Let’s Learn How to Send Internal OTel Collector Telemetry to an Observability Backend
Configuring Your OTel Collector’s Internal Telemetry Endpoint
Many organizations using OpenTelemetry (OTel) these days rely not only on the OpenTelemetry API and SDK, they also rely on the OTel Collector. The Collector is a flexible and powerful data pipeline which allows you to ingest telemetry data from multiple sources (including application and infrastructure), transform the data, and export it to your backend(s) of choice for analysis. To say that the Collector is a critical component of your Observability landscape is an understatement.
So it stands to reason then, that just as you’d want to observe your applications and infrastructure, it makes sense to do the same for your OTel Collectors. Fortunately, the good folks working on the OpenTelemetry project have you covered, because the Collector also emits its own internal telemetry, allowing you observe it.

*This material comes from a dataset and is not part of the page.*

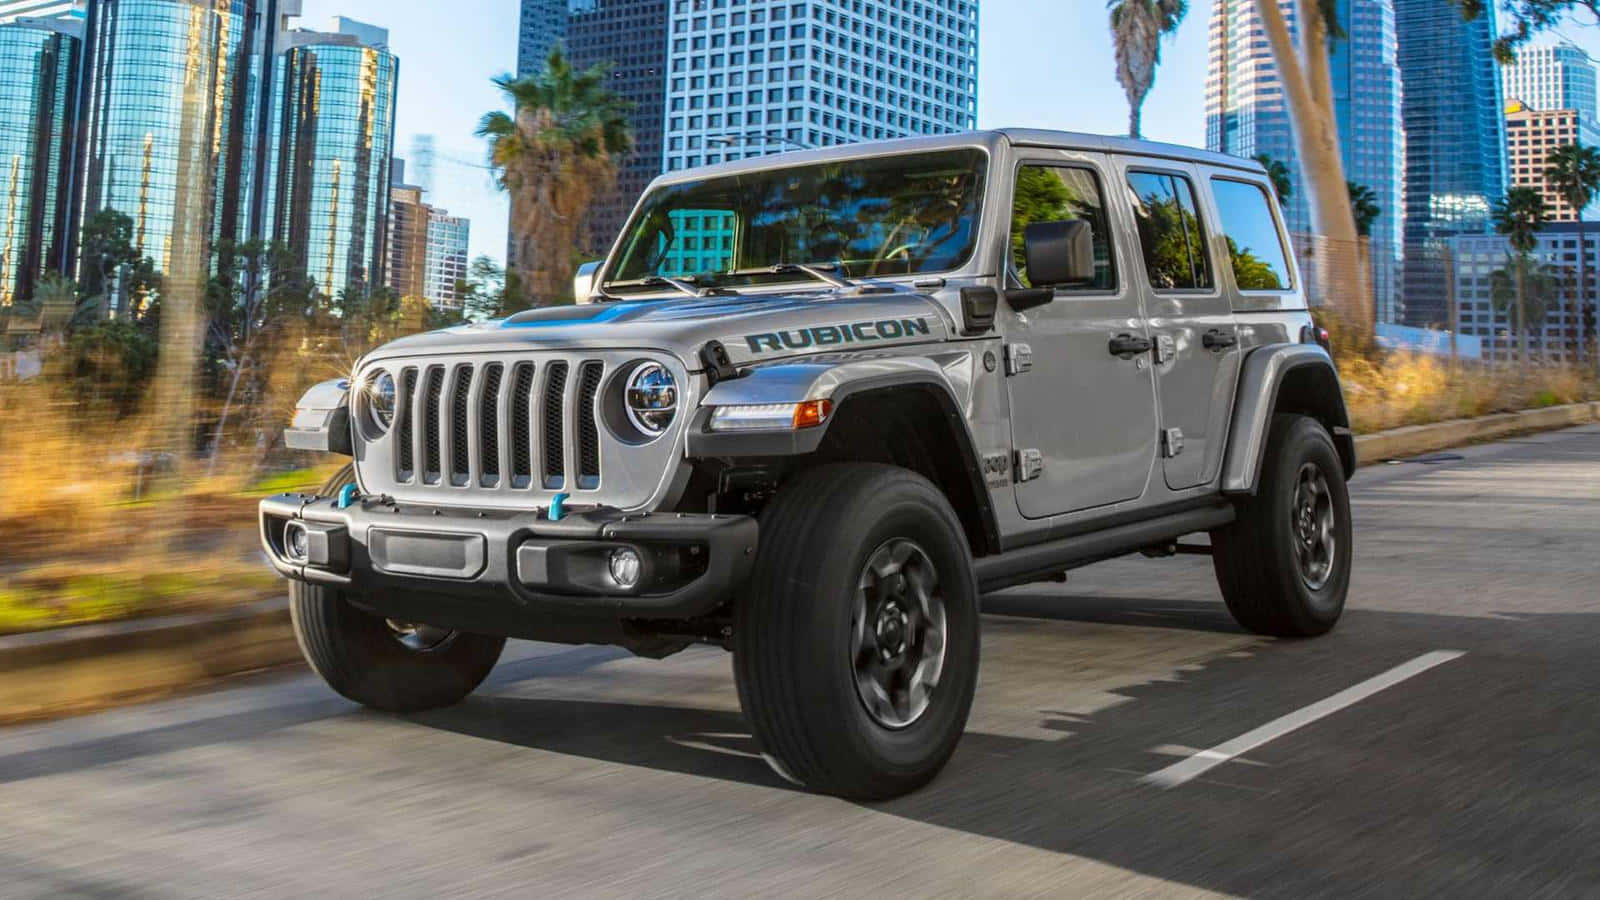 The 2020 Jeep Wrangler Is Driving Down A City Street

Learning about internal Collector telemetry has been on my OTel to-do list for a while, and I finally got around to it. 🎉 Today, I will share some of my learnings, specifically around exporting internal telemetry directly to an Observability backend.
Ready? Let’s do this!
Exporting Internal Telemetry
When I started playing around with observing my own Collector, I learned that there are three ways to emit the Collector’s internal telemetry:
1- Self-ingesting and exporting, scraping metrics via its own Prometheus Receiver
Here, your Collector scrapes its own metrics via its own Prometheus receiver. This means that you must configure your Collector’s Prometheus receiver to scrape itself, like this:
prometheus:
config:
scrape_configs: []
# Collector metrics
- job_name: 'otel-collector'
scrape_interval: 10s
static_configs:
- targets: [ '0.0.0.0:8888' ]
And then configure your Collector’s internal metrics exporter by adding a telemetry.metrics
section to the Collector’s service
configuration section:
service:
telemetry:
metrics:
level: detailed
readers:
- periodic:
exporter:
otlp:
endpoint: http://0.0.0.0:4318
protocol: http/protobuf
There are two pitfalls with this approach. First, it only applies to metrics (because Prometheus is only for metrics). Second, by sending the Collector’s metrics to itself for export, you end up in a self-monitoring loop, which, among other things, can degrade performance, since it’s sending additional telemetry to itself for processing.
You can check out a full example Collector configuration here.
2- Self-ingesting, exporting via the Go Prometheus exporter
This is a similar scenario to the one above, except that your Collector exports its internal telemetry behind the scenes via the Go Prometheus exporter.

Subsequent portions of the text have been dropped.